Page 44 of A Light to My Path


  Now it was Anna’s turn to be speechless. She couldn’t possibly believe what Miss Ada was saying—someone would pay money for her pictures? And print them in a newspaper? But she also knew that Miss Ada would never tell a lie.

  “W-why would he pay me to draw?” Anna asked shaking her head.

  “If your other work is anything like this, you’ve offered a truer picture of what life is like down here for a freed slave than any photograph ever could. You’ve shown their poverty, the difficulties they face as they struggle for an education. Yet you’ve captured hope in these people’s faces—and beauty and joy. Anna, dear, this is a work of art.”

  Anna wasn’t sure what that meant, but tears filled her eyes at the thought of earning money, of being able to help Grady and George get along. For the first time since Grady had snatched her out of the slave jail at Great Oak, Anna felt truly free. People who were free received payment for the work they did.

  “Yes, Miss Ada,” she said. “I’ll be happy to sell your brother all the pictures he wants.”

  * * *

  Charleston, South Carolina

  February 1865

  “The rumors are true,” Captain Metcalf told Grady and the others. “The Confederates have abandoned Fort Sumter. The mayor of Charleston has surrendered the city.” The cheers that followed his announcement were so deafening that Grady was certain they could be heard all the way across the harbor in the city that they’d besieged all these months.

  A few hours later, boats arrived to ferry the regiment ashore. Grady saw smoke billowing into the sky from fires set by the Rebels as they’d hurried north to engage Sherman’s army. It seemed unbelievable to Grady to be setting foot in Charleston after occupying the sandy, coastal islands across the harbor since last June. He had taken part in the Battle of Honey Hill and in the capture of Fort Gregg. Wounded men from his regiment had been sent back to the hospitals in Beaufort, and Grady had worried that Anna would see them, would recognize that they were his comrades, and would be overwhelmed with fear for him. He’d had a few close calls from enemy artillery shells, but thankfully, he’d remained safe.

  Now Grady just wanted it all to end. He was tired of seeking revenge, tired of fighting. He wanted the war to be over so he could live out his life with Anna.

  It was an odd feeling to walk the once-familiar streets of Charleston as a victor, to see white people scurry into their homes in fear and draw their curtains closed as he marched past. The last time he’d walked through Charleston, he’d been another man’s property, fit only to drive a carriage. Now he wielded the power of a conqueror over these people. But somehow the victory felt hollow as he viewed the ravaged city.

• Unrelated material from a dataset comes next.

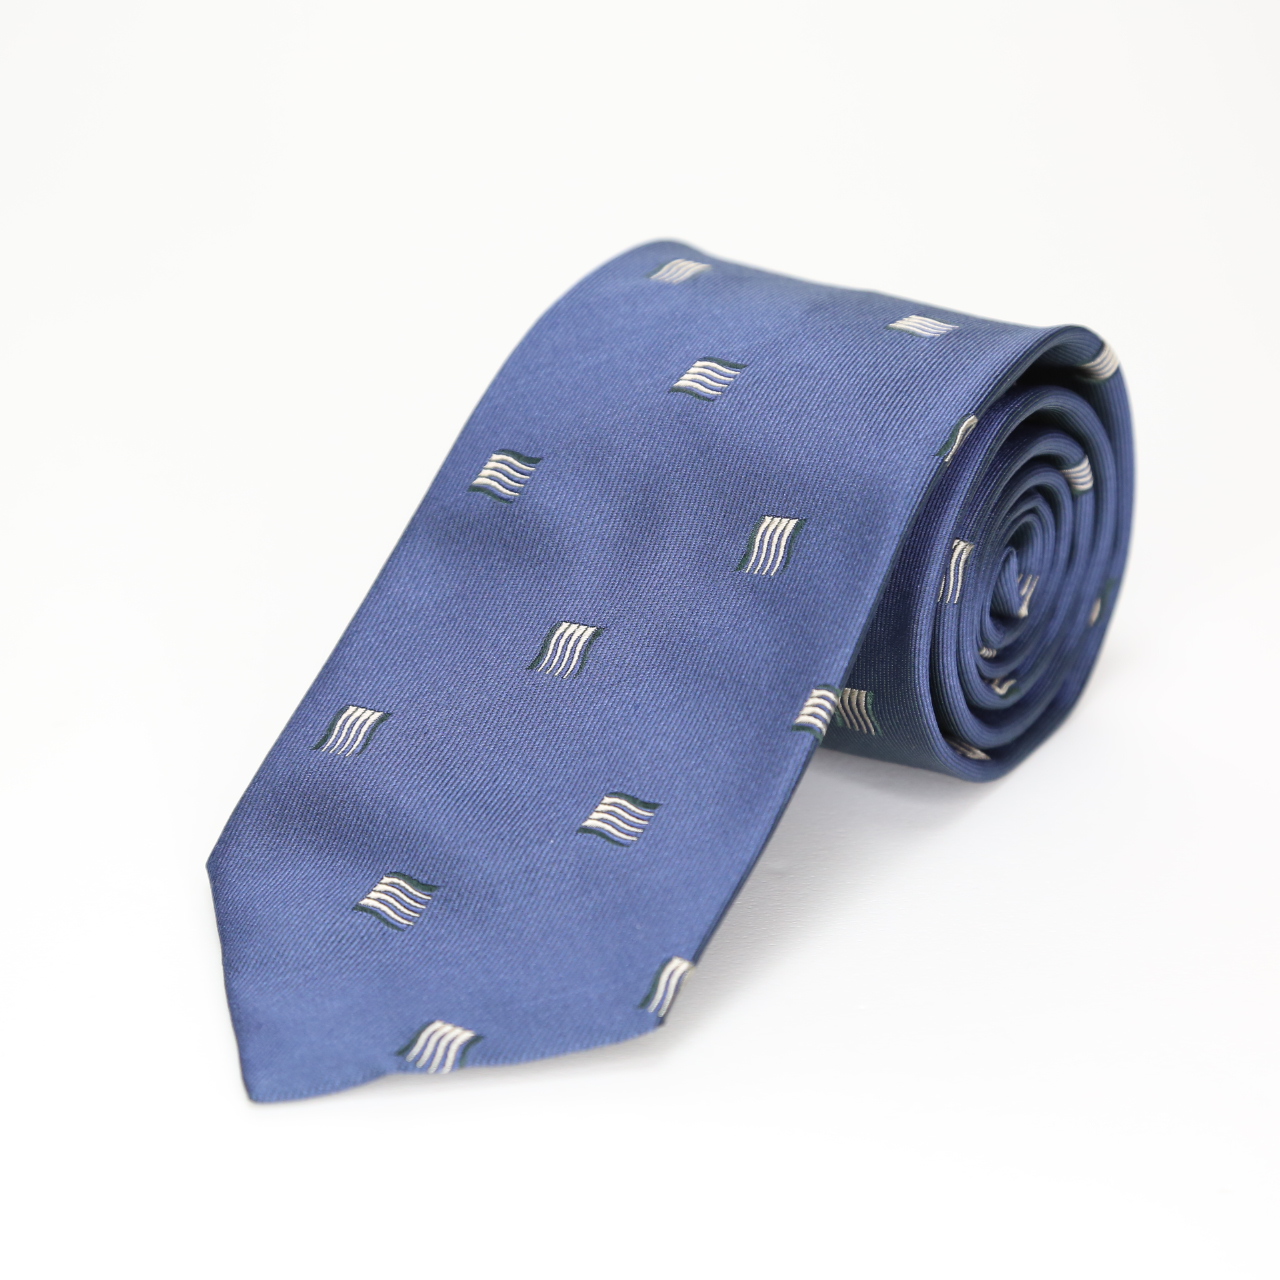 イタリア生地ネクタイ  小紋  ブルー  FATTURA  日本製  ヴィンテージ調  メンズファッション  ネクタイ  コーデ

  Hundreds of buildings had been destroyed, some by fire, others by Union artillery shells. Still others crumbled dangerously, about to topple. Nothing remained of the church where Massa Fuller had been married except a burned husk. Starving people—black and white—begged for food. But it was the sight of so many homeless, drifting slaves that moved Grady the most—sheep without a shepherd.

  His first task was to help fight the fires that had raged for a day and a half. The blistering heat and choking smoke made that battle nearly as dangerous as warfare. When the inferno was finally under control, Grady’s regiment was assigned to picket duty around the city’s undamaged buildings to halt the looting. It seemed ironic to him that he and other former slaves now worked to save the property of a people who hated them. And his Negro troops were clearly hated. They faced jeers and brickbats and spitting wherever they went. Snipers took potshots at them from among the ruins. Grady confided his resentment and simmering hatred to Captain Metcalf one evening.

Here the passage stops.